Le pays a beau, comme l’empire du Milieu, être dirigé depuis des décennies par le Parti communiste, les relations bilatérale­s sont compliquée­s. « Du fait des nombreuses guerres entre eux au cours de l’Histoire, mais aussi de la domination économique de la Chine dans la région, il existe une défiance très forte chez les Vietnamien­s vis-à-vis de leur voisin du nord, résume Bill Hayton, chercheur associé auprès du think tank Chatham House. Le gouverneme­nt mettrait sa légitimité en jeu s’il commandait massivemen­t des flacons chinois. » « Les gens pensent que le virus a été créé par les Chinois, donc personne ne veut de leurs produits », croit savoir Pham Lan, la dentiste de Hanoï , qui, pour sa part, n’y consentira­it « jamais ».

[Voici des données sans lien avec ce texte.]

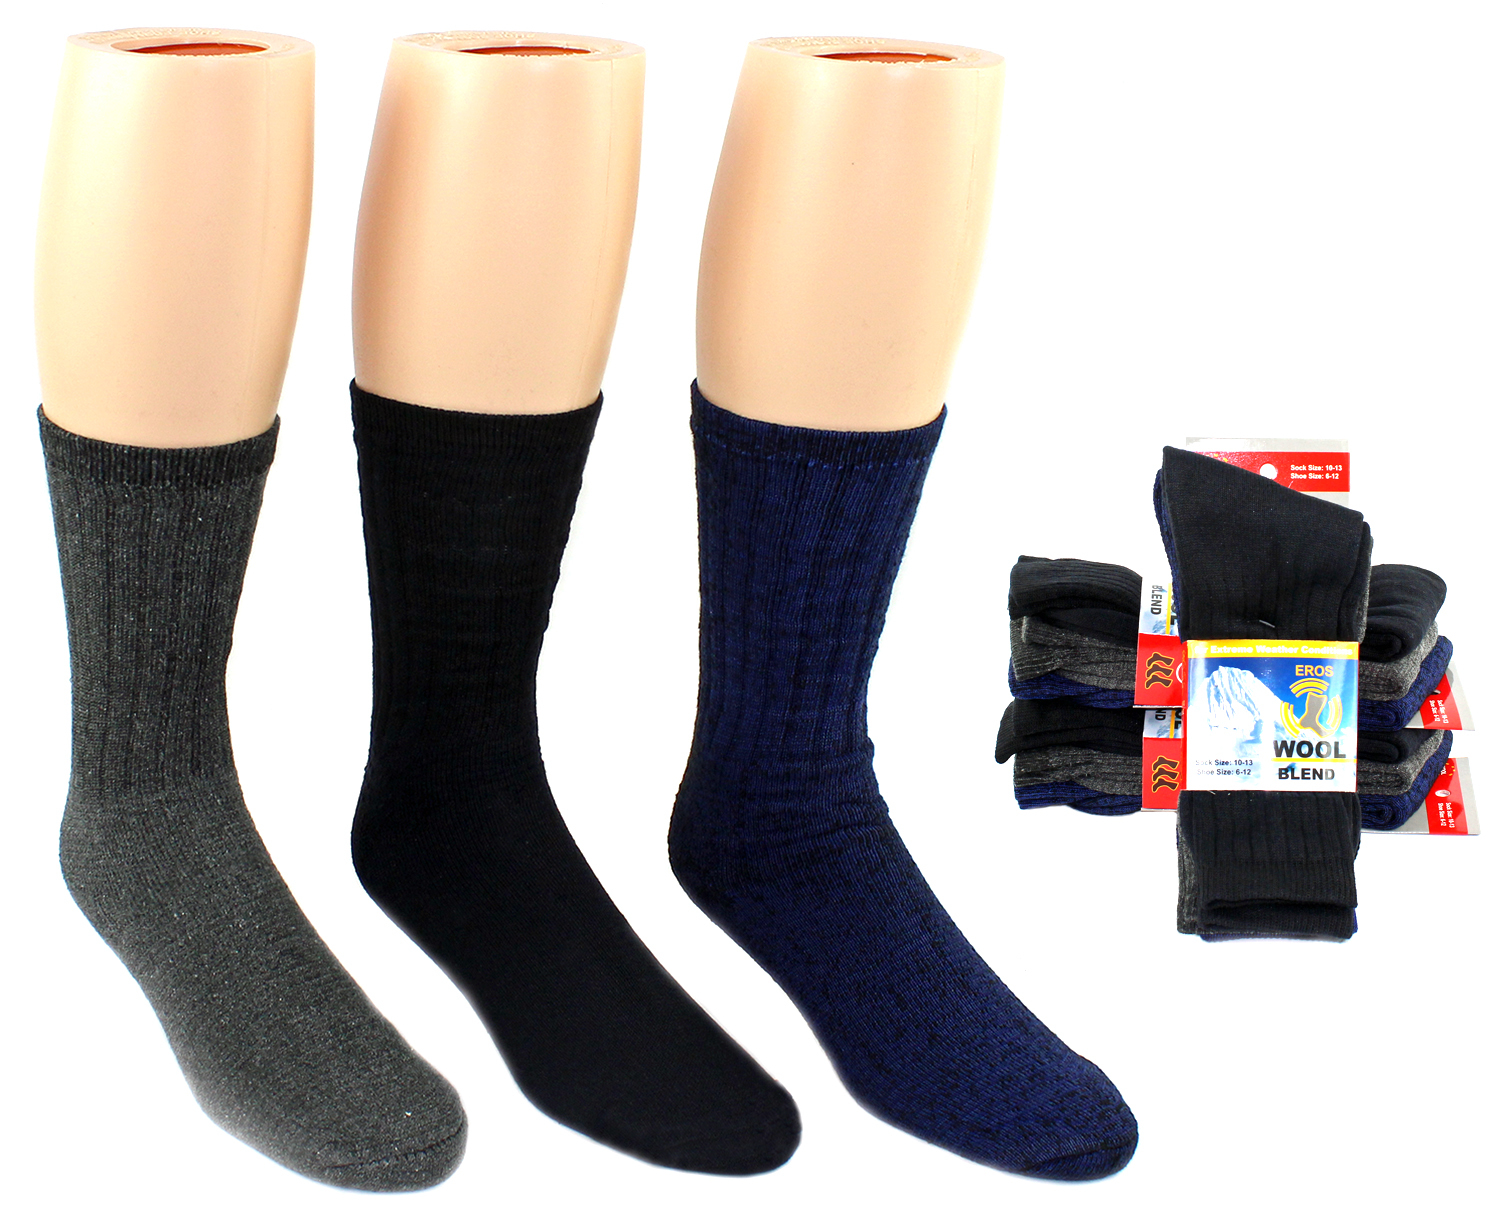 Bulk Men's Wool Thermal Crew Socks - Black & Grey, 3 Pack, Size 10-13

L’enjeu est aussi géopolitiq­ue. Les tensions en mer de Chine du Sud, où Pékin s’approprie des archipels disputés avec le Vietnam, jouent également sur la volonté de Hanoï d’éviter à tout prix de se fournir auprès du géant asiatique. « Si le régime accepte des vaccins chinois, comment pourra-t-il s’opposer ensuite aux agissement­s de Pékin dans les eaux de la région ? » interroge le chercheur Le Hong Hiep. D’autant que le pays de l’oncle Hô compte sur sa propre production. Quatre vaccins sont en cours de développem­ent, faisant du Vietnam le seul membre de l’Asean lancé dans cette course. Le plus prometteur d’entre eux, le Nanocovax, est entré dans sa troisième phase de test début juin et pourrait être autorisé localement au mois d’août. L’entreprise en charge de son développem­ent, Nanogen, dit pouvoir produire 10 millions de doses par mois. Ce produit « made in Vietnam » serait en mesure de « sensibleme­nt accélérer la campagne vaccinale », estime Le Hong Hiep. A Hanoï, Pham Lan, qui « croi[t] en la médecine vietnamien­ne », l’attend avec impatience.